En comptant que 1,7 million de patients ont été opérés pendant cette période, cela reste un faible pourcentage. De plus, dans cette étude, rien ne pouvait incriminer le robot directement. Elargissons un peu le sujet pour parler d’autres types de robots qui sont en train de s’introduire dans les hôpitaux : transport de matériel divers comme les robots Vecna au CHU de Nantes, distribution de médicaments comme le robot HOSPI-R de Panasonic (conçu en 2004 au Japon et qui vient tout juste maintenant de recevoir l’approbation des autorités sanitaires japonaises), et plus récemment, la volonté d’un hôpital situé dans le Massachusetts de s’appuyer sur le deep learning et le big data pour la prise de décision de ses médecins.
Quoiqu’il en soit, le processus est long car la réglementation est stricte et les machines doivent se plier à un grand nombre de normes de sécurité aussi bien électroniques que sanitaires (voir l’International Safety Organisation, normes ISO 13482). Quant au robot STAR qui a fait pas mal de bruit, il est en réalité un cas exceptionnel, qui n’a d’ailleurs pas intégré d’hôpital. Il ne s’agit que d’un prototype qui a opéré sous la supervision de ses créateurs et en aucun cas de façon autonome.
Pourquoi parle-t-on de robot "semi-autonome" ? Dans quelle mesure un tel robot peut-il s'avérer plus efficace ou plus précis qu'un chirurgien ?
Les robots seront tout simplement plus efficaces qu’un chirurgien dans la mesure où ils ne subissent pas les effets de la fatigue, du tremblement, voire de l’impatience qui caractérisent n’importe quel être humain.
Aujourd’hui, la dernière marche à franchir pour les robots-chirurgiens est celle de la faculté à manipuler plusieurs types d’instruments.

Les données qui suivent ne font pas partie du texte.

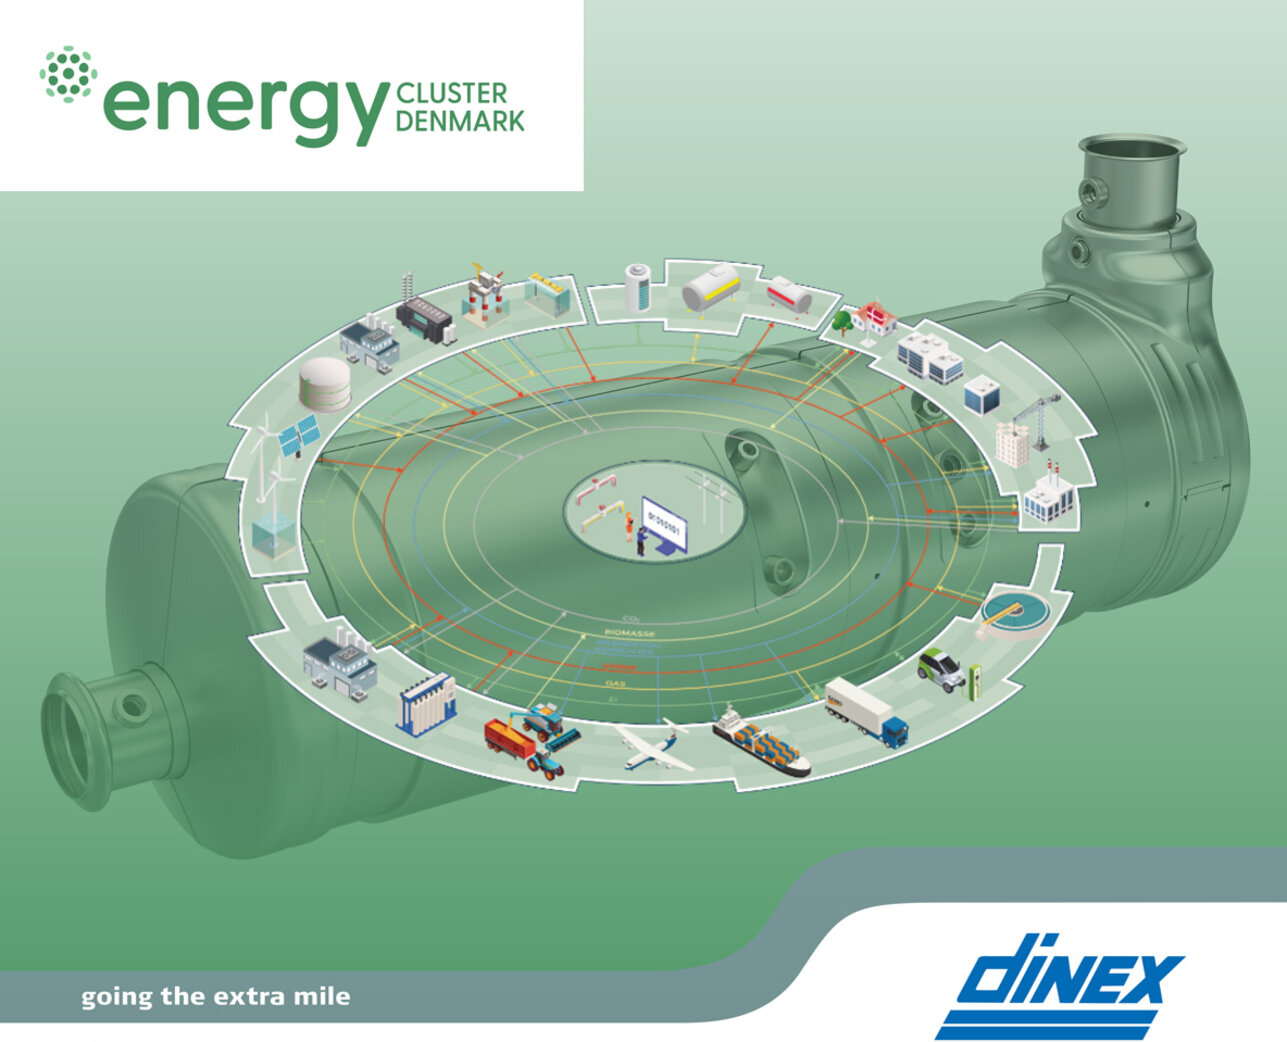 Dinex joins the Energy Cluster Denmark network

Toujours est-il qu’il y aura nécessairement un chirurgien humain derrière le robot pour superviser le tout. Pour le cas de STAR, non seulement un chirurgien est intervenu a priori pour écrire le protocole de l’opération, mais il est également intervenu ici et là au cours de l’intervention, le robot n’étant finalement qu’un vulgaire instrument au même titre qu’un scalpel.
Le robot Star (Smart Tissue Autonomous Robot) a connu un grand succès lors d'opérations sur des tissus mous. Un robot pourra-t-il à terme remplacer un chirurgien de manière totalement autonome ? Quelles sont les limites de ce procédé ?
Les limites des robots en termes de précision ne devraient pas tarder à tomber. Pour ce qui est de leur complète autonomie, il n’est pas sûr que ce soit ce que cherchent les roboticiens ou les professionnels de santé. Maintenant, il y aura inévitablement une barrière culturelle et juridique à franchir. Préférerons-nous être opérés par un homme ou une machine ? Aurons-nous la possibilité de choisir ? Est-ce que ce sera le chirurgien, le robot ou le constructeur de la machine qui sera tenu pour responsable en cas de blessure ou de défaillance ? Ce type de débats animent déjà la communauté scientifique et entrepreneuriale aux États-Unis, favorisés par l’essor des véhicules autonomes qui posent des questions de responsabilité juridique.